ACTION ITEM | Ignoring every picture, return the lines of the listing below word for word, from the line that holds "A modern smartphone" through the line that holds "3 in 1 Mini".

DATA |

=======

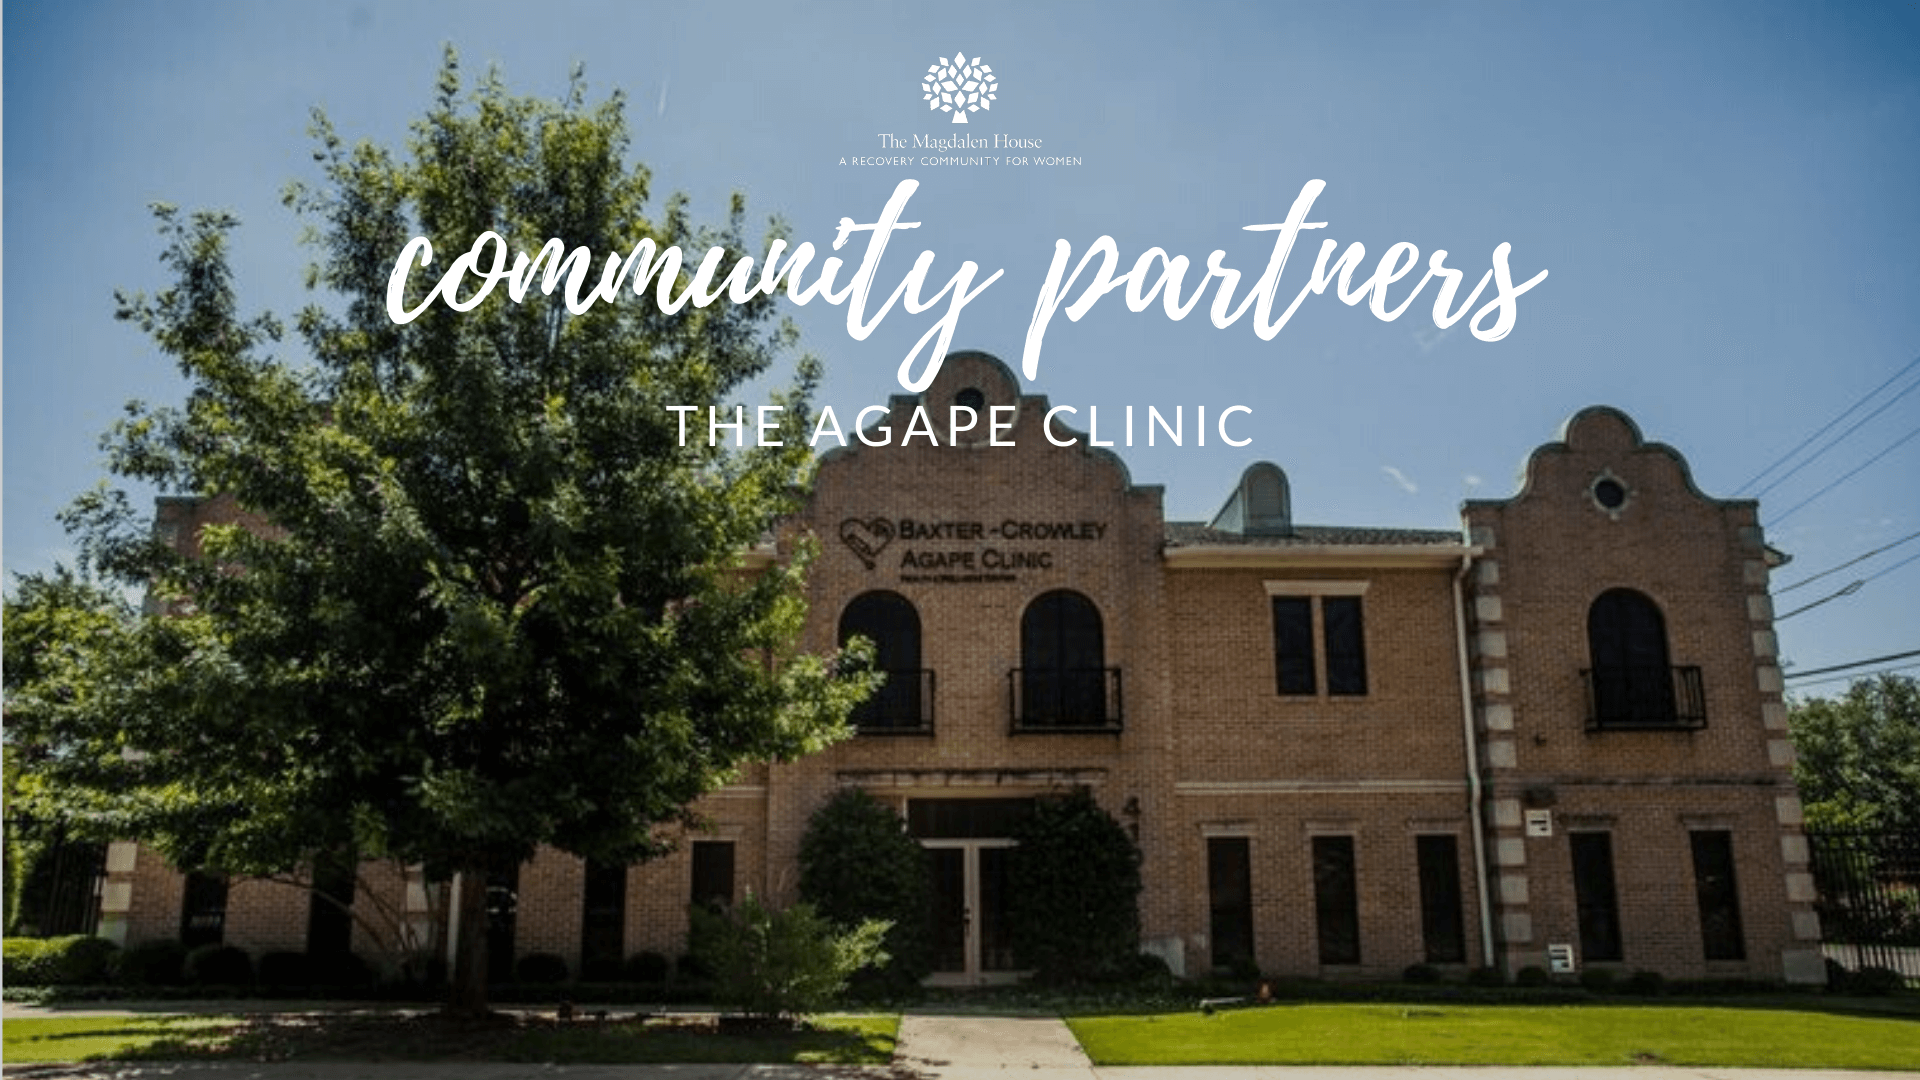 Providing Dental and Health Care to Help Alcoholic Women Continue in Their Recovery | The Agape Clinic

=======

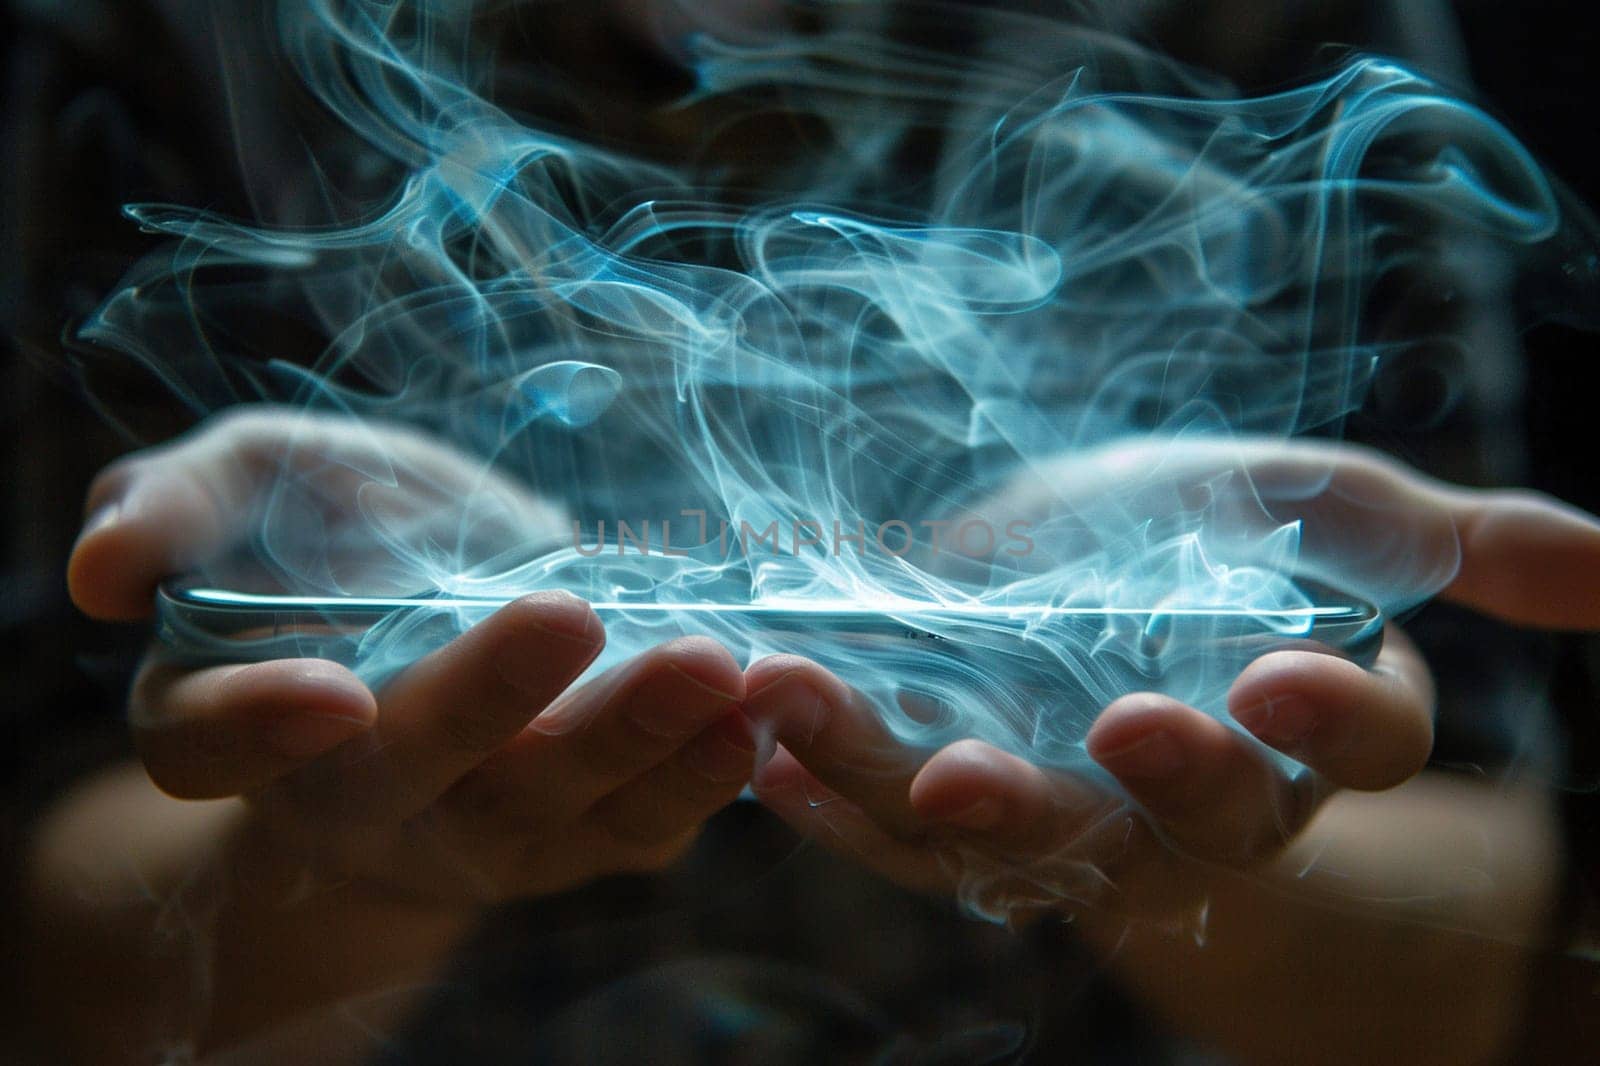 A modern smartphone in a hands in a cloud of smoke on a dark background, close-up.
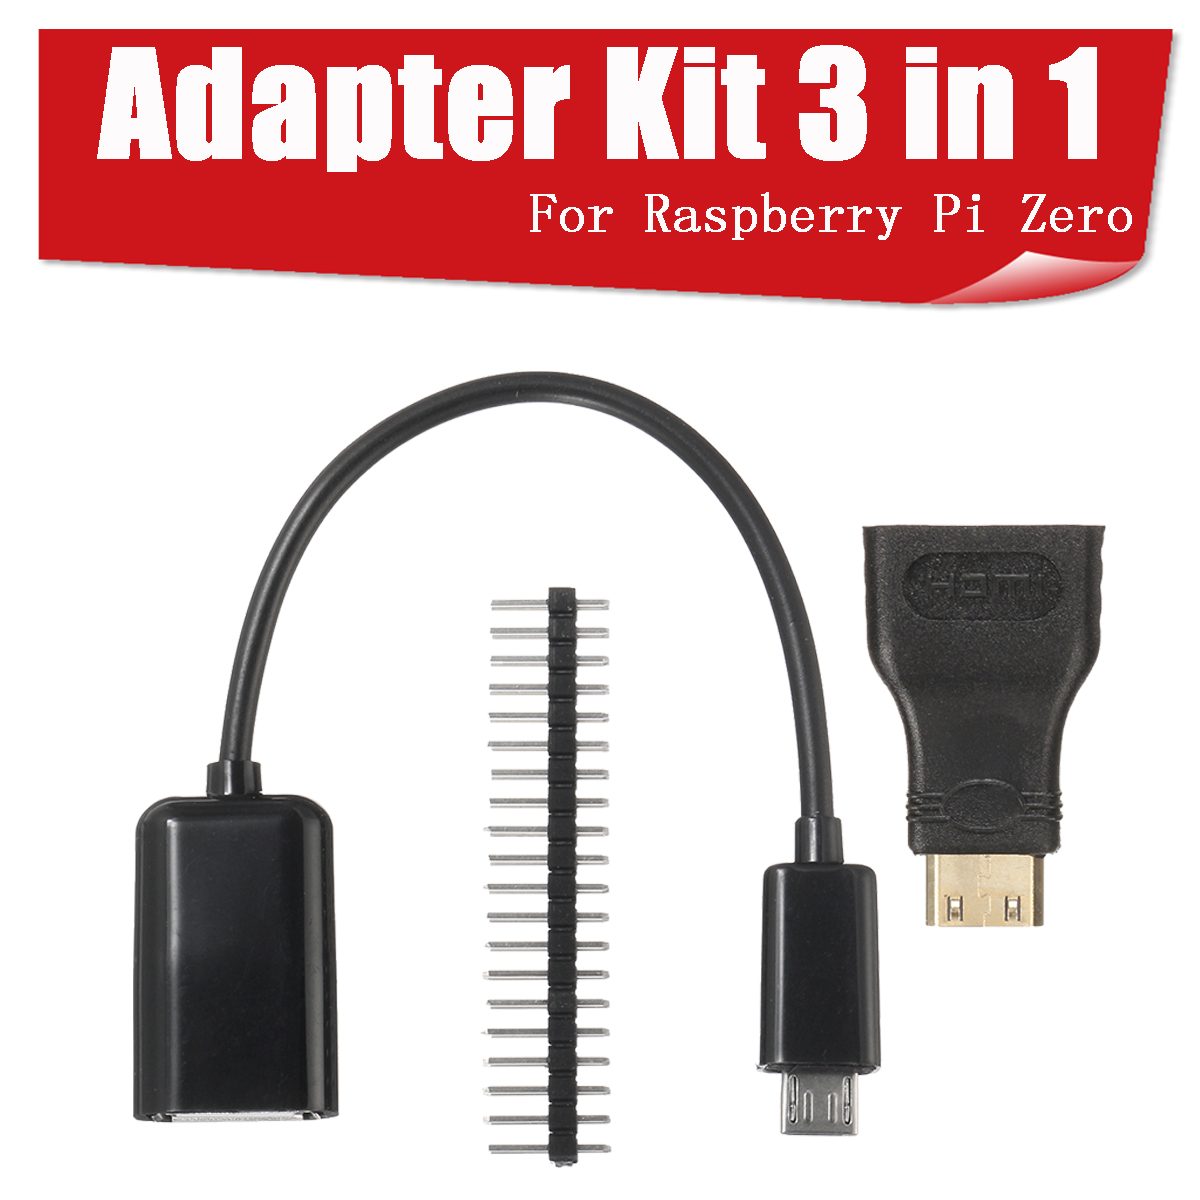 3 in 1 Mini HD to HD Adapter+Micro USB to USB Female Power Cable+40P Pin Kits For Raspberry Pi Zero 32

=======

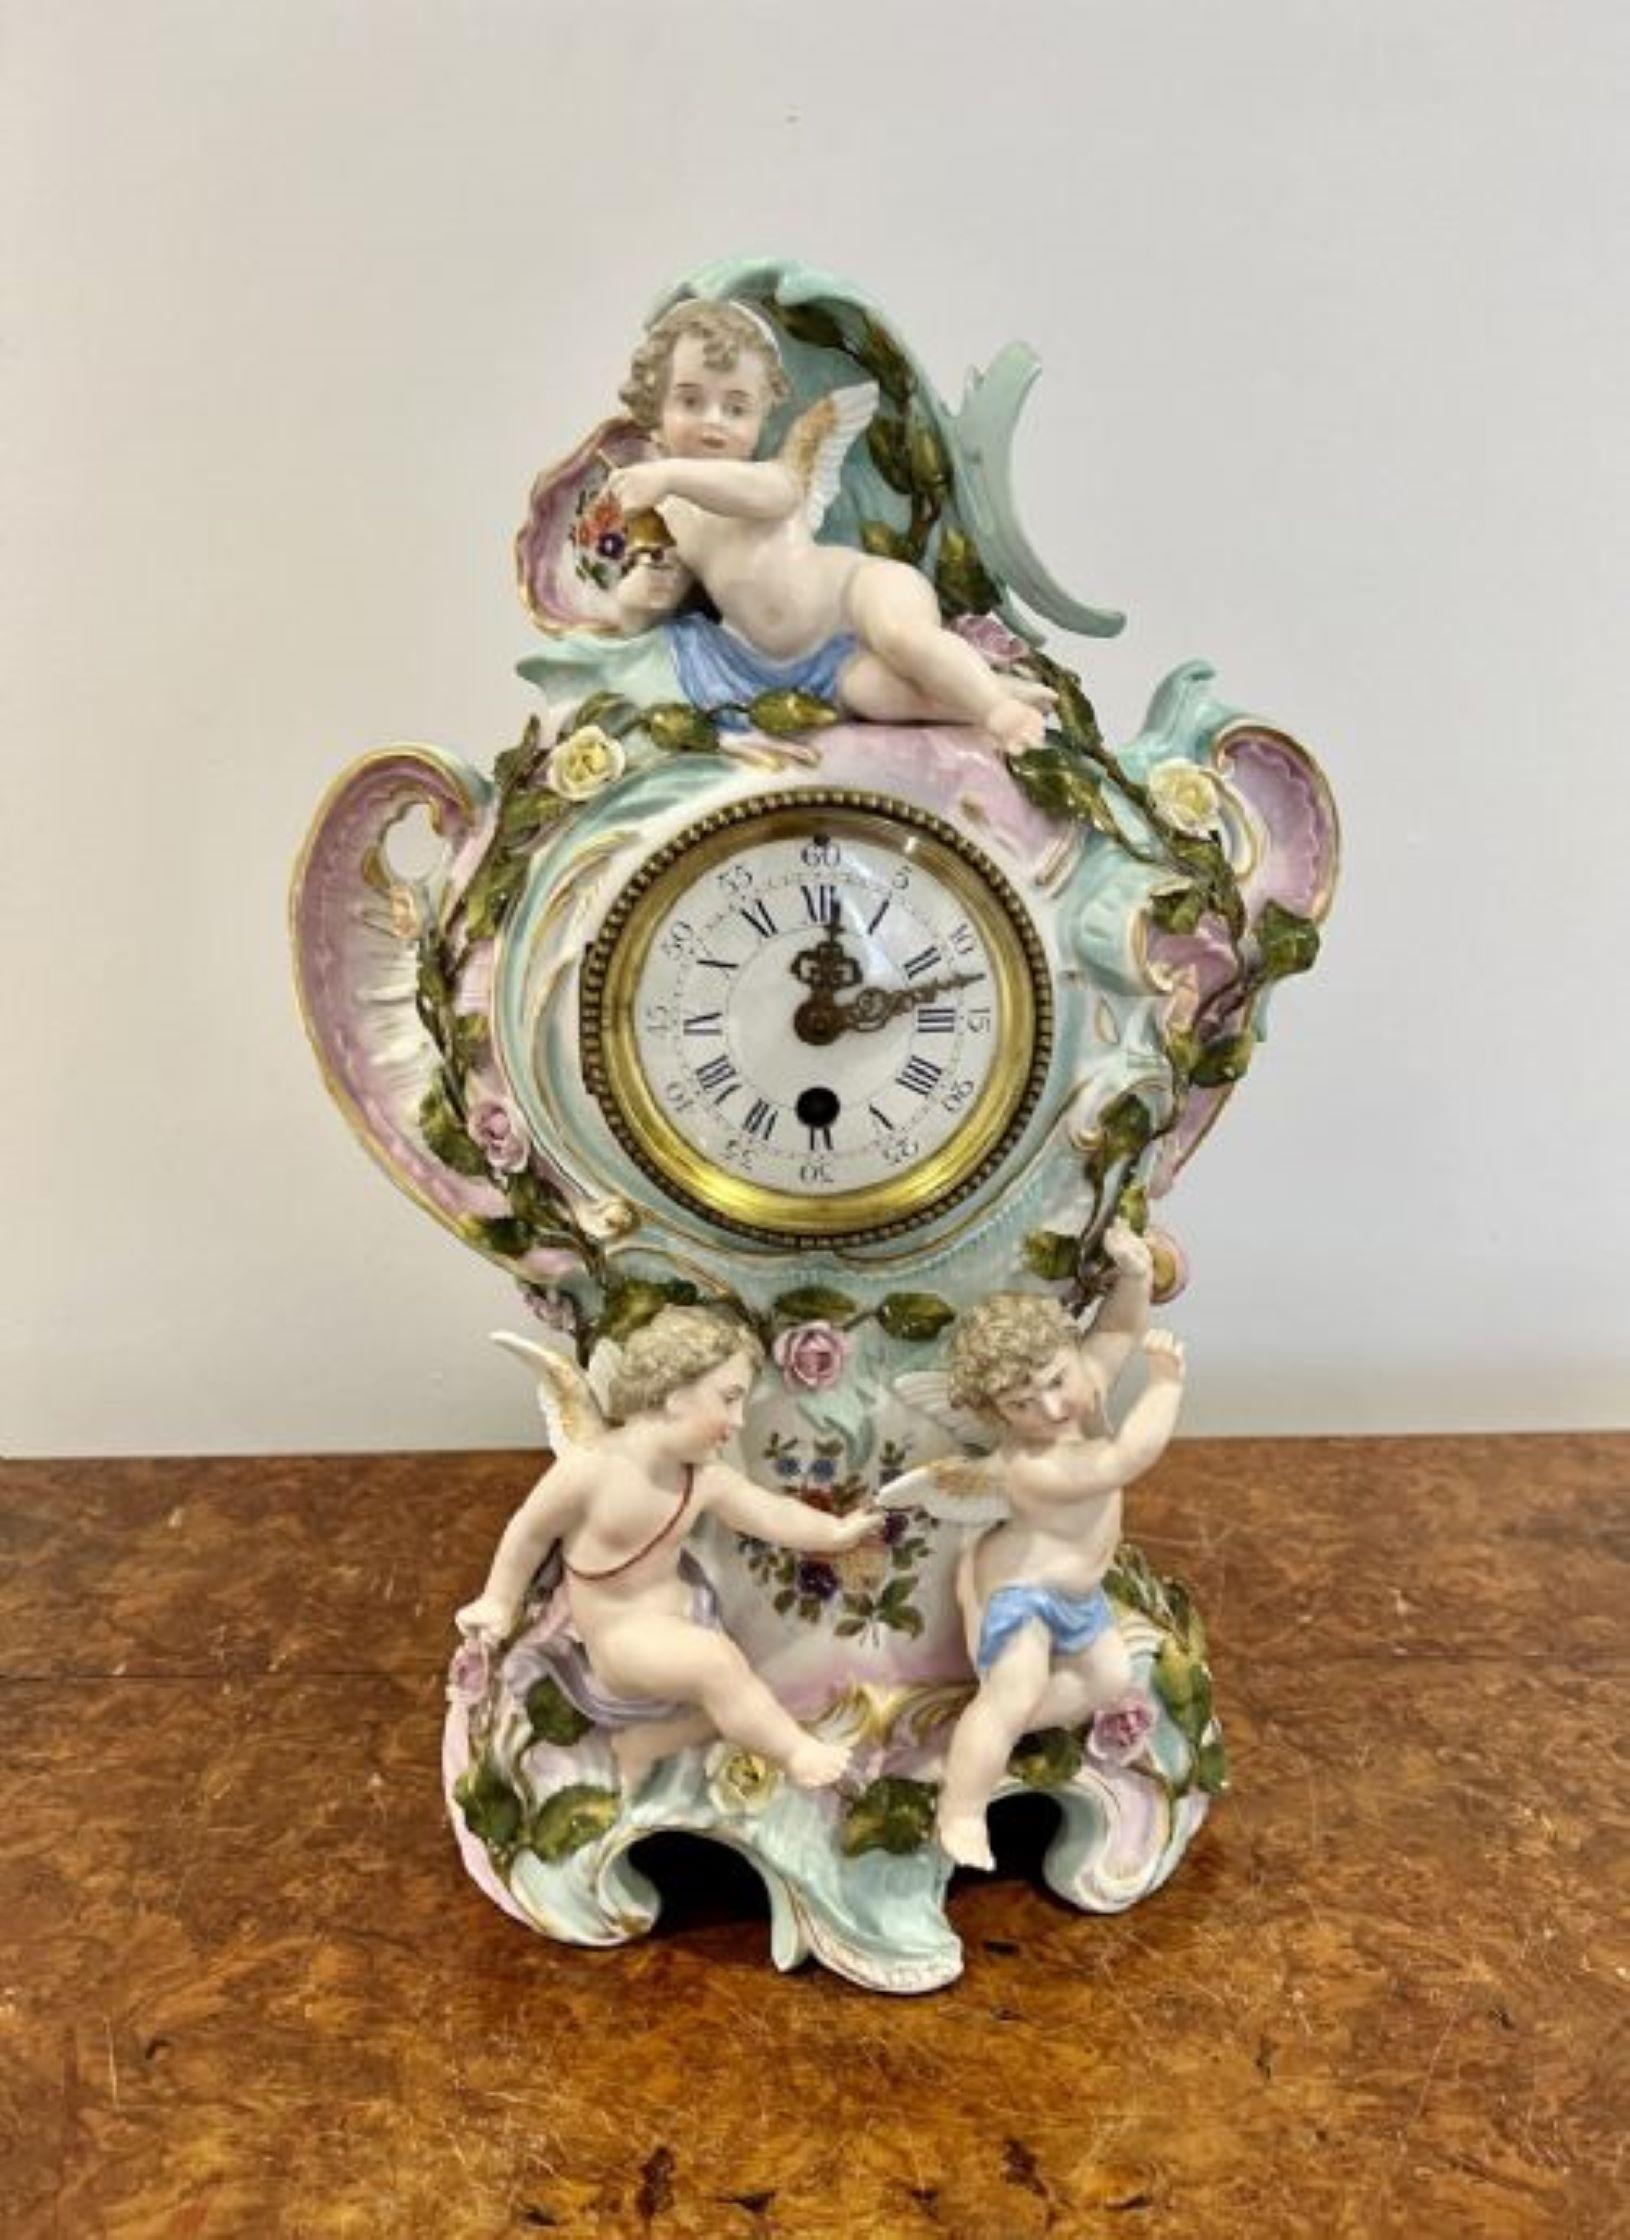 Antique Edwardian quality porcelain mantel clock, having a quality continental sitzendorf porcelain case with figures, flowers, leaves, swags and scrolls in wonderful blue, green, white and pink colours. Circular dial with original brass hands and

=======

OUTPUT OF THE TASK |
 A modern smartphone in a hands in a cloud of smoke on a dark background, close-up.
 3 in 1 Mini HD to HD Adapter+Micro USB to USB Female Power Cable+40P Pin Kits For Raspberry Pi Zero 32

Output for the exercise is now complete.